Dalam sebuah bank membuat laporan keuangan harus dilakukan dan harus terdapat beberapa komponen laporan keuangan. Adapun komponen laporan keuangan bank yaitu:

1. Neraca bank
Laporan neraca ini merupakan sebuah laporan mengenai jumlah harta atau kekayaan, jumlah modal, dan juga jumlah kewajiban atau hutang dari sebuah bank. Secara mudahnya, laporan ini berisi mengenai kekayaan dan juga modal yang dimilik oleh sebuah bank dalam jangka waktu tertentu. Semua aset kekayaan baik yang berupa uang tunai, giro, investasi, dan lain sebagainya dilaporkan dalam laporan neraca ini.

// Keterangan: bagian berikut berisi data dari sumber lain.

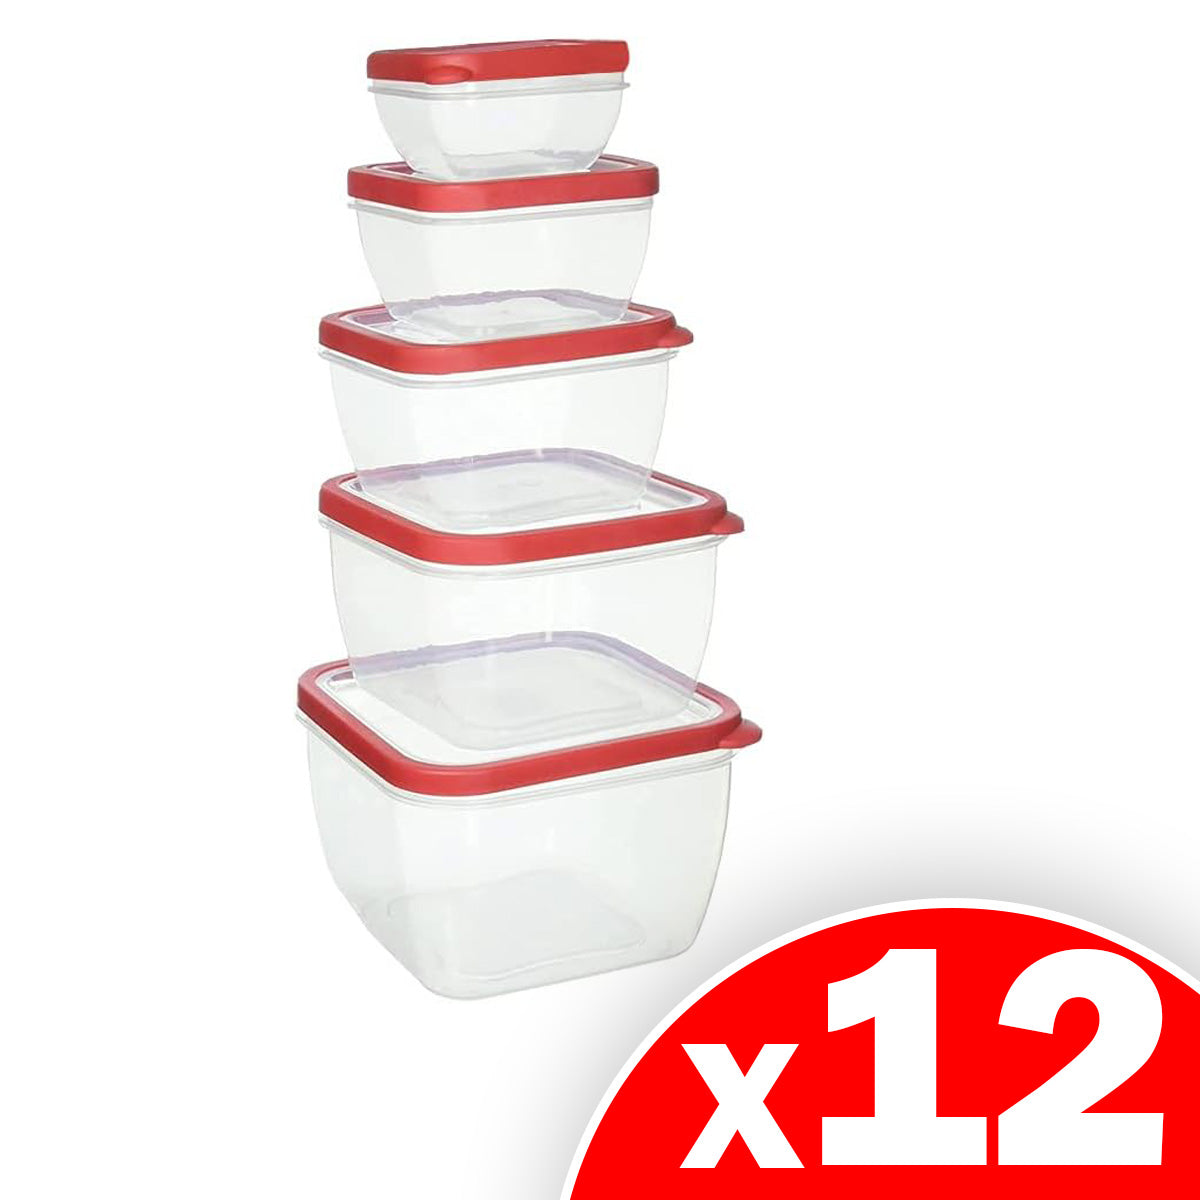 EDGE 10 Piece Nesting  Square Food Storage Set (Red), 12 Pack

2. Laporan untung/rugi bank
Komponen laporan keuangan bank yang selanjutnya yaitu laporan laba/rugi atau untung/rugi. Laporan ini berisi mengenai income atau pendapatan dari sebuah bank dan juga beban biaya yang harus ditanggung dalam periode waktu tertentu. Dalam laporan ini dijelaskan jumlah pendapatan bank dalam jangka waktu tertentu dan juga biaya yang harus dikeluarkan. Dari laporan ini akan terlihat apakah bank mengalami keuntungan atau kerugian. Biasanya beberapa laporan untung/rugi yang dibuat akan dibandingkan setiap periodenya.

3. Laporan kontingensi dan komitmen
Komponen laporan keuangan bank yang harus ada adalah kontingensi dan komitmen. Laporan ini disajikan sedemikian rupanya sehingga jika dikaitkan dengan aktiva dan pasiva dapat diperoleh gambaran keuangan yang wajar dari sebuah bank. Kontingensi dan komitmen ini berupa tagihan ataupun kewajiban dari bank yang tidak akan mempengaruhi neraca aktiva dan pasiva ketika tanggal pembuatan. Hal ini bisa berupa bentuk mata uang asing atau rupiah.

4. Laporan rasio keuangan bank
Laporan ini merupakan analisis finansial yang dilakukan untuk melihat hubungan antara laporan periode tertentu dengan periode sebelumnya. Bisa dikatakan sebagai laporan perbandingan antara laporan yang sebelumnya dan yang dibuat sekarang. Dengan adanya rasio ini maka bank bisa melihat bagaimana perkembangan keuangan saat ini.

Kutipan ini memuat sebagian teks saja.